AIM OF THE EXERCISE: Give the data again exactly as it appears, excluding any pictures.

START DATA EXCERPT

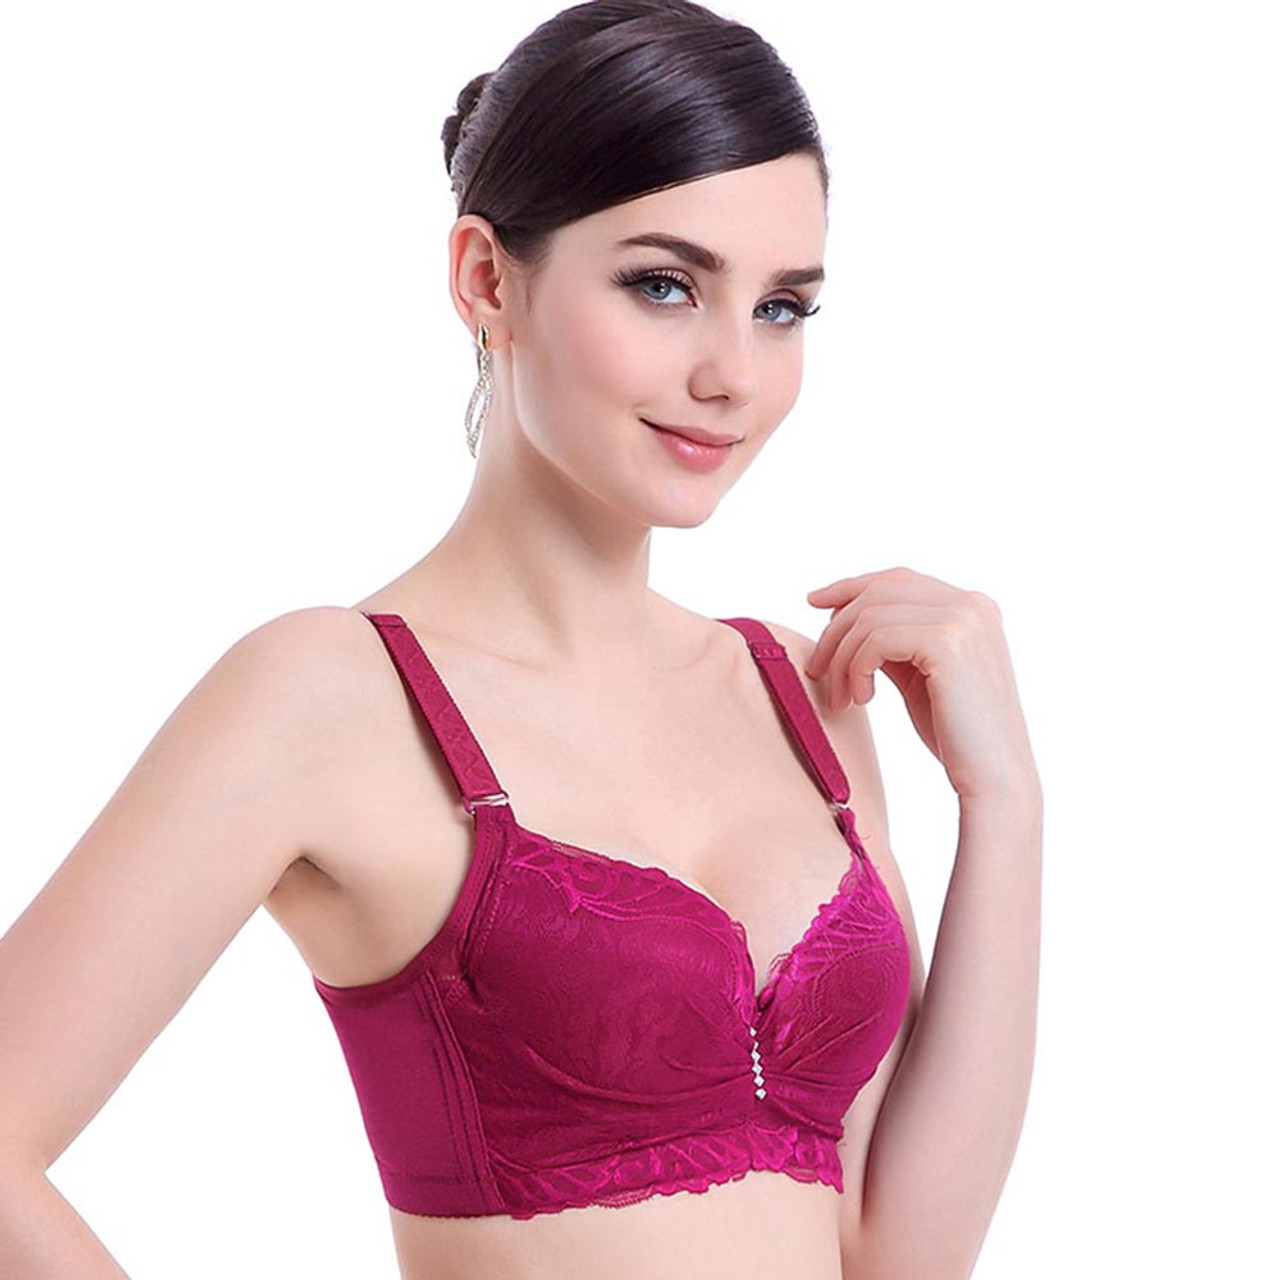 d7687278ea8 ... Women Bra Push Up Sexy Lace Brassier Lntimates Ladies Big Size Bra  Underwear Embroidery Cotton Plus ...
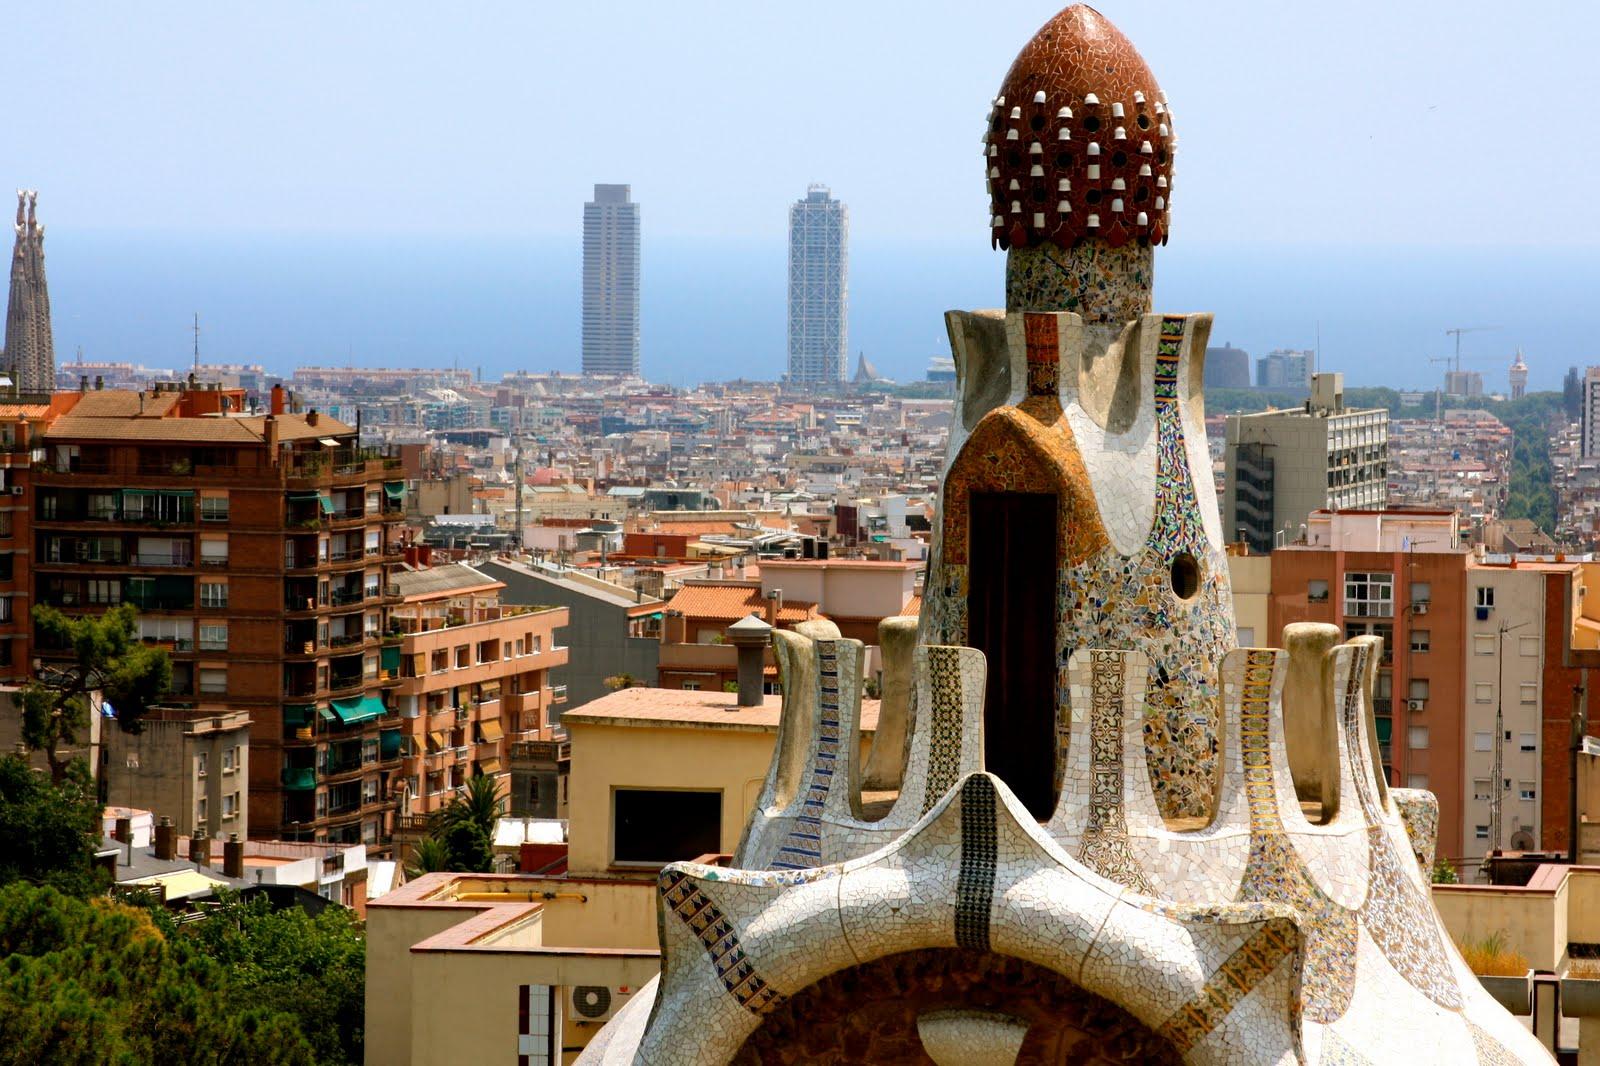 House Of Sway Barcelona In Snapshots
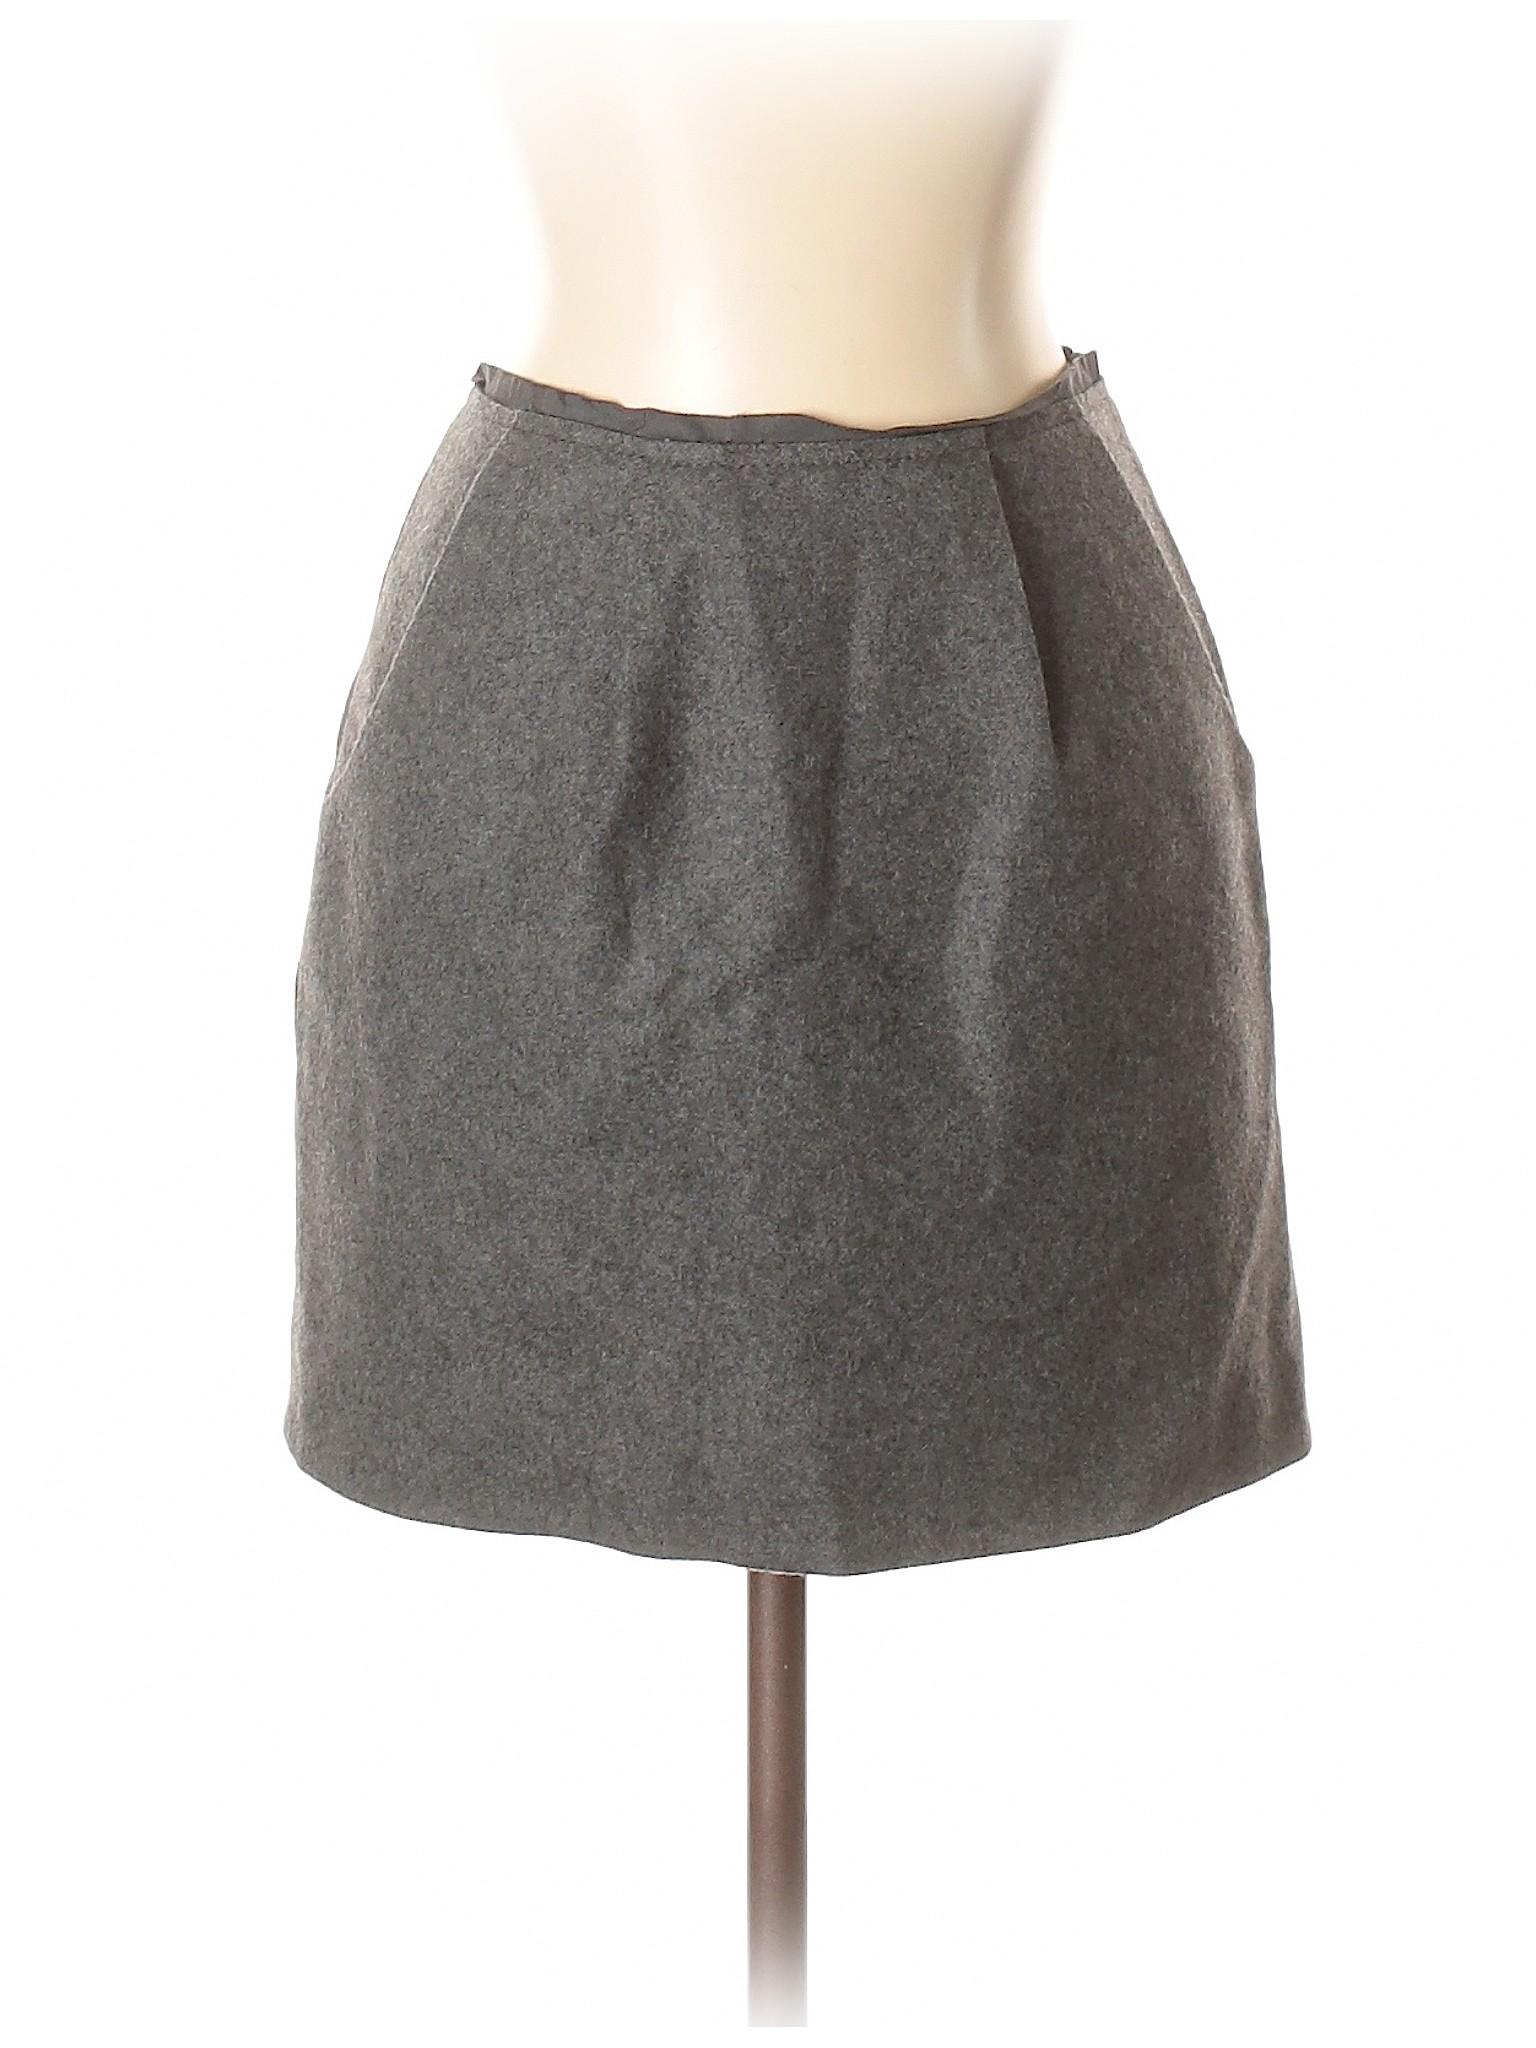 Wool J leisure Skirt Crew Boutique qUTSxAw

END DATA EXCERPT

SOLUTION:
 d7687278ea8 ... Women Bra Push Up Sexy Lace Brassier Lntimates Ladies Big Size Bra  Underwear Embroidery Cotton Plus ...
 House Of Sway Barcelona In Snapshots
 Wool J leisure Skirt Crew Boutique qUTSxAw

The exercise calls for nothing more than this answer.